I've read through the knapsack problem and I think that has application if I would have the entire list of files from the beginning which I don't. Actually, I do have the list and the size of each file but I wouldn't know when each file would be ready to be taken.

I've gone through the producer-consumer problem but that centers around a fixed buffer and optimising that but in this scenario the buffer is unlimited and I don't really care if it is large or small.

The next best option would be a greedy approach where each Y process locks on the smallest file and takes it. At first it does appear to be the fastest approach and I'm currently building a simulation to verify that but a second opinion would be fantastic.

Update Just to be sure that everyone gets the big picture, I'm linking here a fast-done diagram.

  • Jobs are independent from Processes. They will run at a speed and process how many files are possible.
  • When a Job finishes with a file it will send a HTTP request to the LB
  • Each process queues requests (files) coming from the LB
  • The LB works on a round robin rule

Diagram


Solution

  • The current LB idea is not good

    The load balancer as you've described it is a bad idea because it's needlessly required to predict the future, which you are saying is impossible. Moreover, round-robin is a terrible scheduling strategy when jobs have varying lengths.

    Just have consumers notify the LB when they're idle. When a new job arrives from a producer, it selects the first idle consumer and sends the job there. When there are no idle consumers, the producer's job is queued in the LB waiting for a free consumer to appear.
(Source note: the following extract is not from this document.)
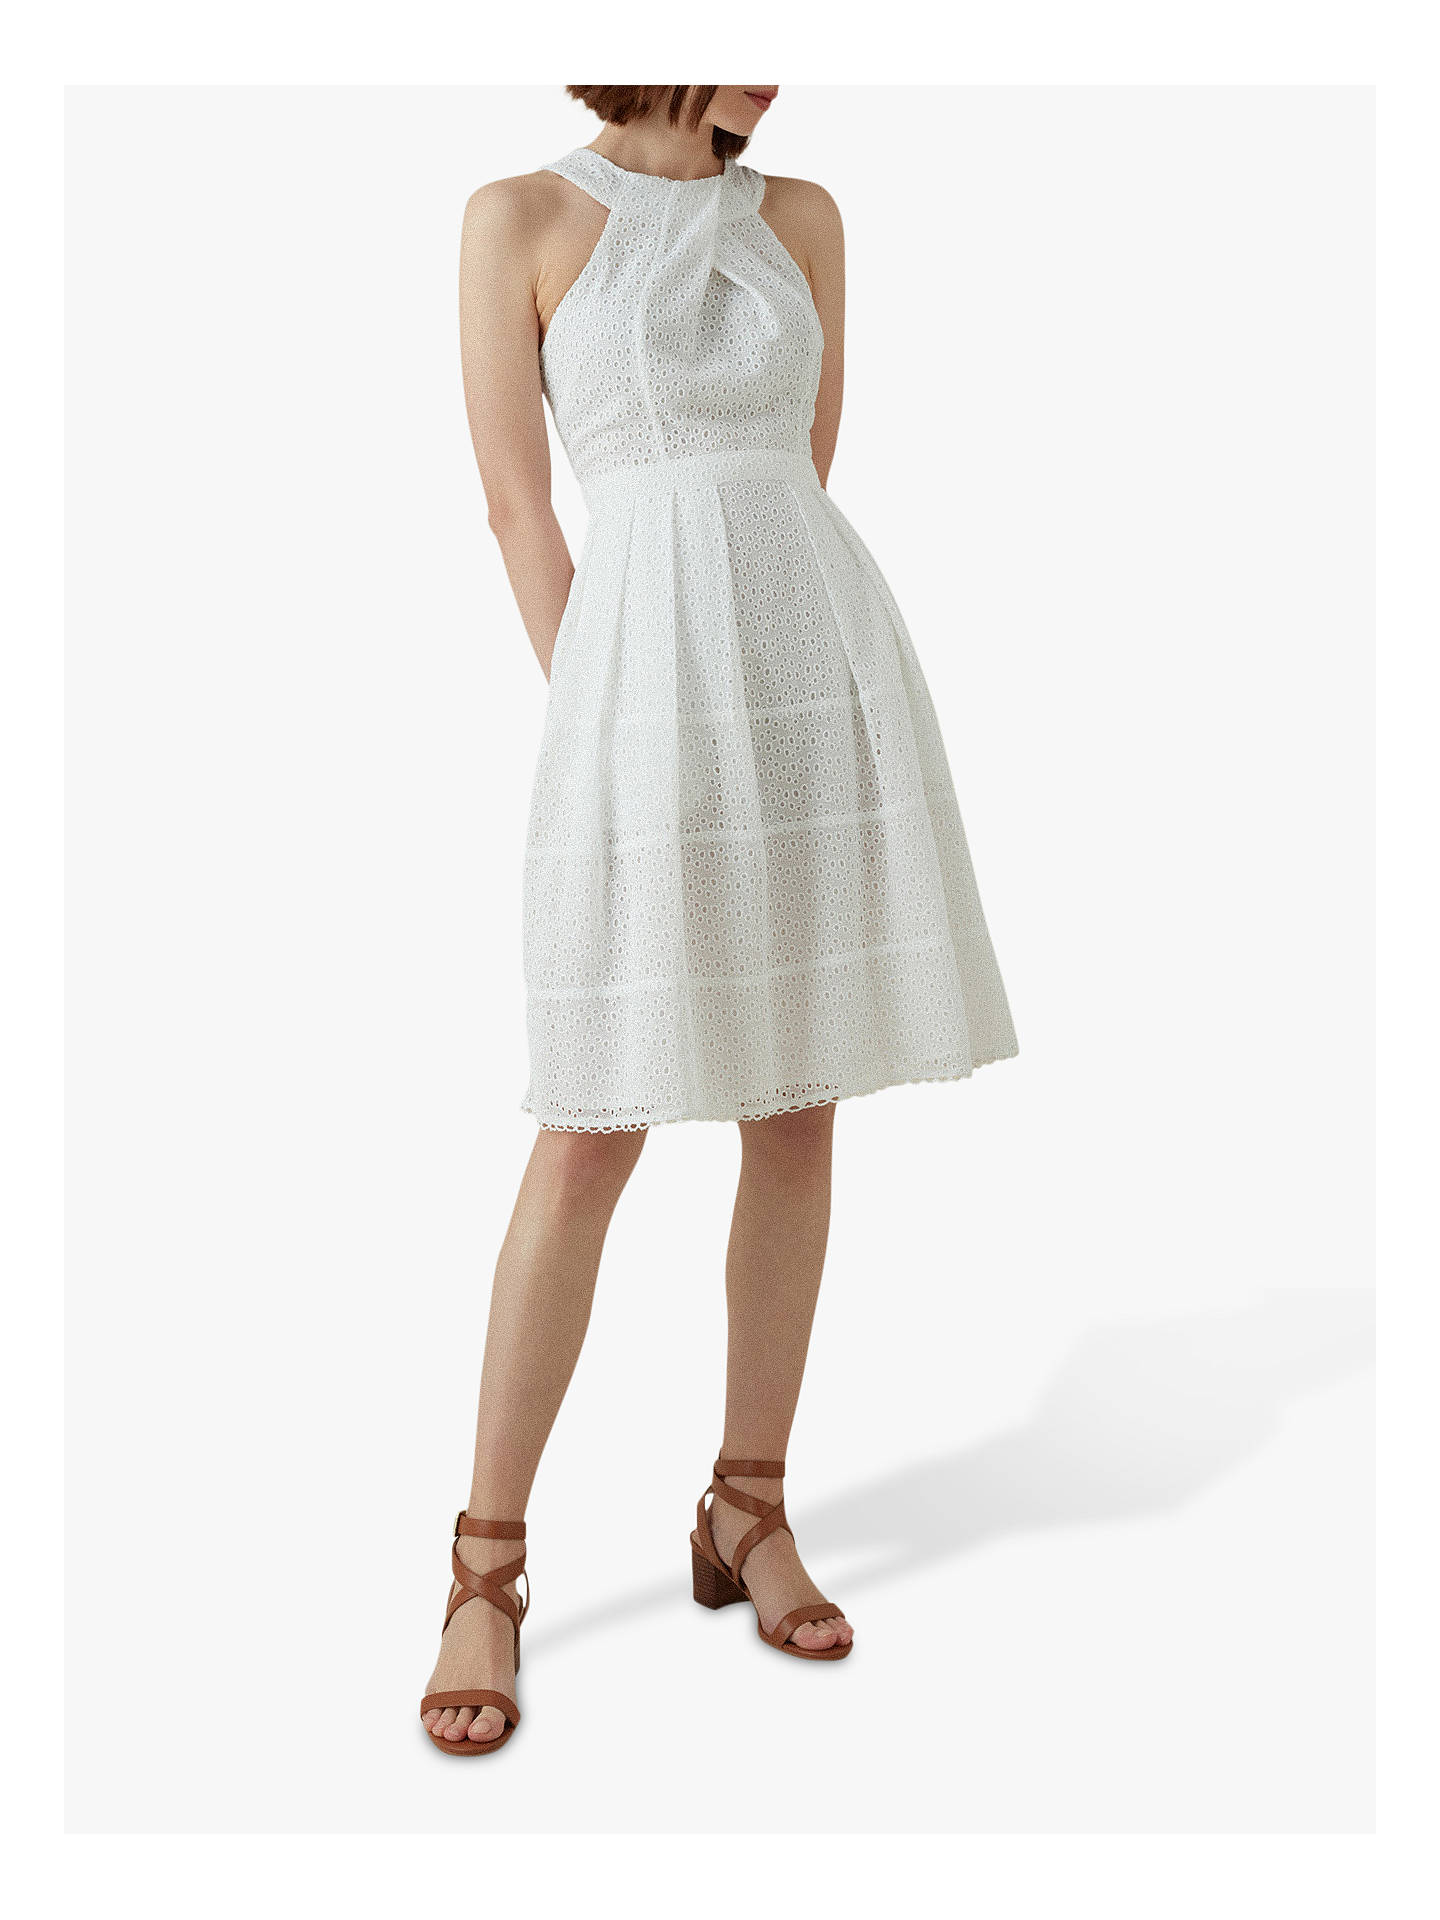 Karen Millen Broderie Halterneck Dress, White at John Lewis & Partners

    This way consumers will always be optimally busy.

    You say "Having one queue to serve 100 apps (for example) would be inefficient." This is a huge leap of intuition that's probably wrong. A work queue that's only handling file names can be fast. You need it only to be 100 times faster (because you infer there are 100 consumers) than the average "very large file" handling operation. File handling is normally 10th of seconds or seconds. A queue handler based, say, on an Apache mod or Redis for two random choices, could pretty easily serve 10,000 requests per second. This is a factor of 10 away from being a bottleneck.

    If you select from idle consumers on a FIFO basis, the behavior will be round-robin when all jobs are equal length.
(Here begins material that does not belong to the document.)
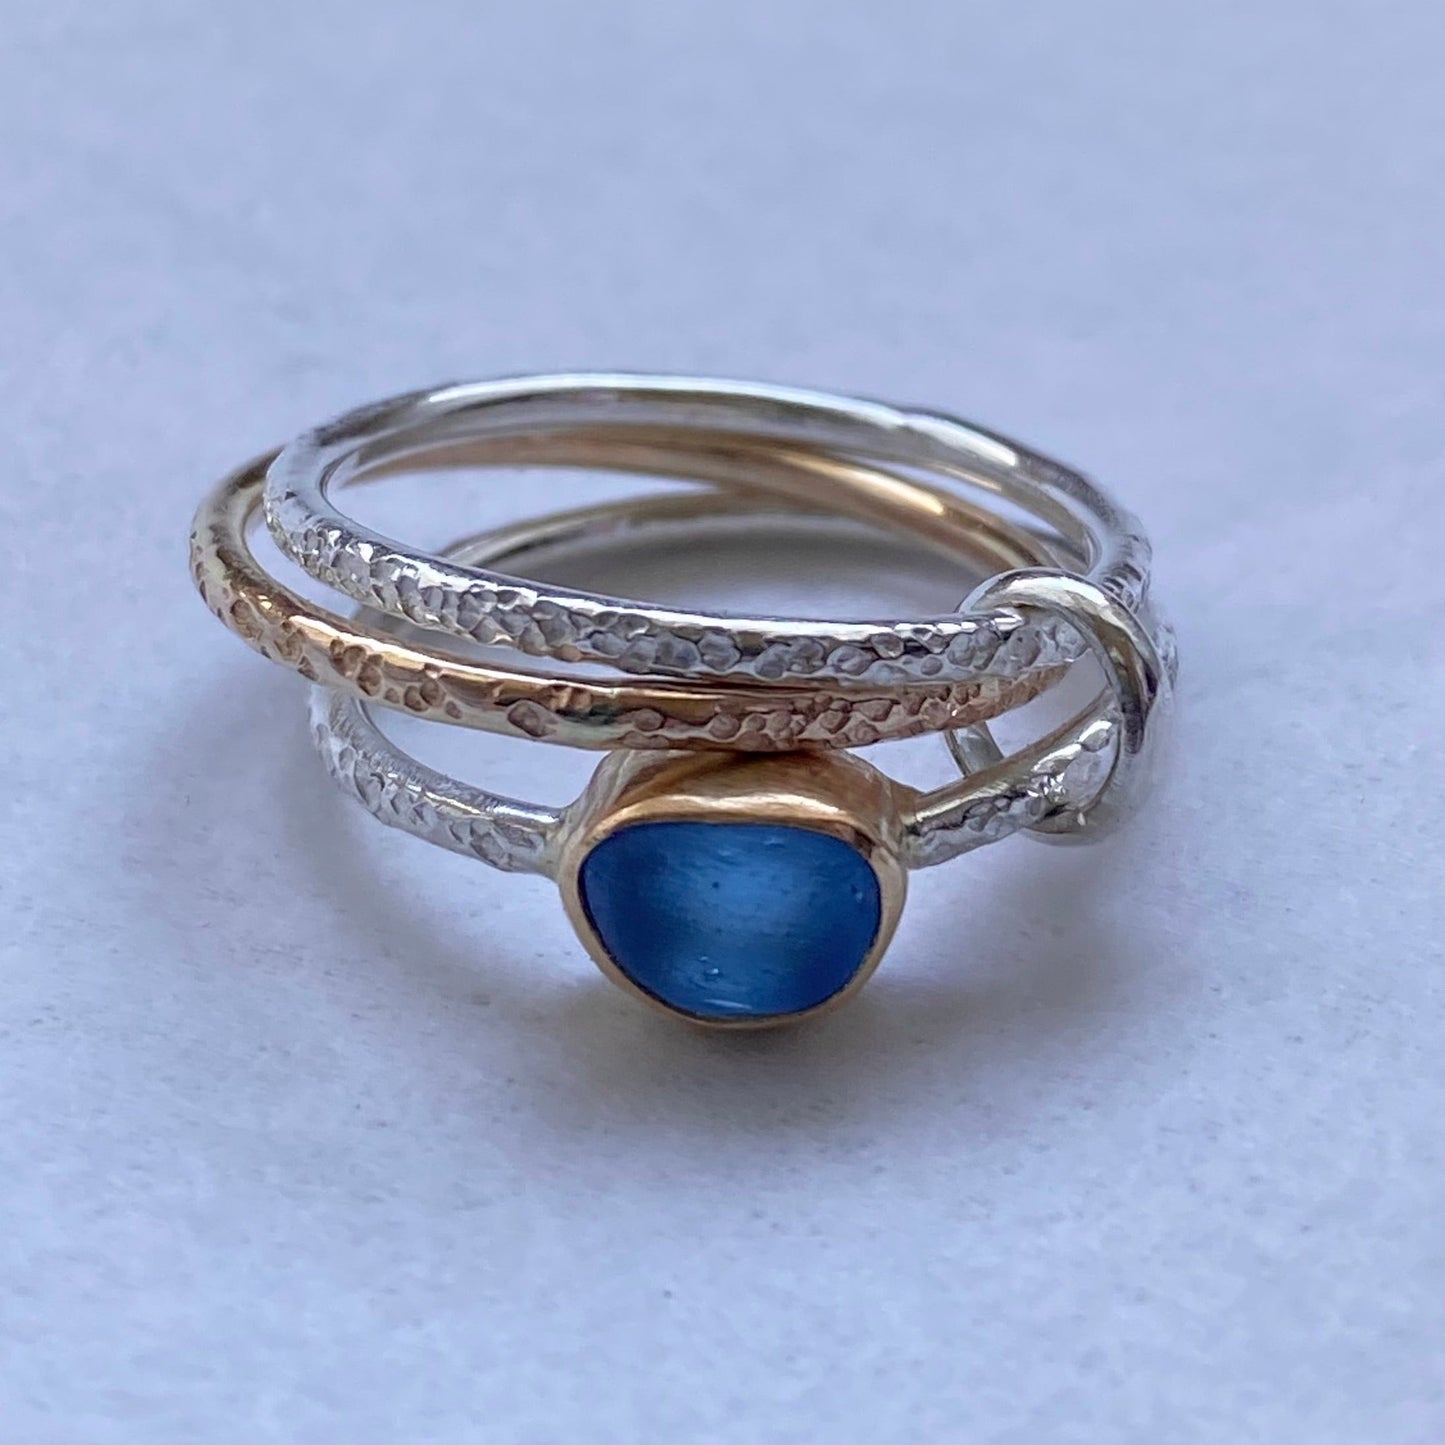 Ternion Tides Sea Glass Ring

    If the LB absolutelly cannot queue work

    Then let Ty(t) be the total future time needed to complete the work in the queue of consumer y at the current epoch t. The LB's goal is to make Ty(t) values equal for all y and t. This is the ideal.

    To get as close as possible to the ideal, it needs an internal model to compute these Ty(t) values. When a new job arrives from a producer at epoch t, it finds consumer y with the the minimum Ty(t) value, assigns the job to this y, and adjusts the model accordingly. This is a variation of the "least time remaining" scheduling strategy, which is optimal for this situation.

    The model must inevitably be an approximation. The quality of the approximation will determine its usefulness.

    A standard approach (e.g. from OS scheduling), will be to maintain a pair [t, T]_y for each consumer y. T is the estimate of Ty(t) that was computed at the past epoch t. Thus at a later epoch t+d, we can estimate Ty(t+d) as max(T-t,0). The max is because for d>t, the estimated job time has expired, so the consumer should be complete.

    The LB uses whatever information it can get to update the model. Examples are estimates of time a job will require (from your description probably based on file size and other characteristics), notification that the consumer has actually finished a job (LB decreases T by the esimated duration of the completed job and updates t), assignment of a new job (LB increases T by the estimated duration of the new job and updates t), and intermediate progress updates of estimated time remaining from consumers during long jobs.

    If the information available to the LB is detailed, you will want to replace the total time T in the [t, T]_y pair with a more complete model of the work queued at y: for example a list of estimated job durations, where the head of the list is the one currently being executed.

    The more accurate the LB model, the less likely a consumer will starve when work is available, which is what you are trying to avoid.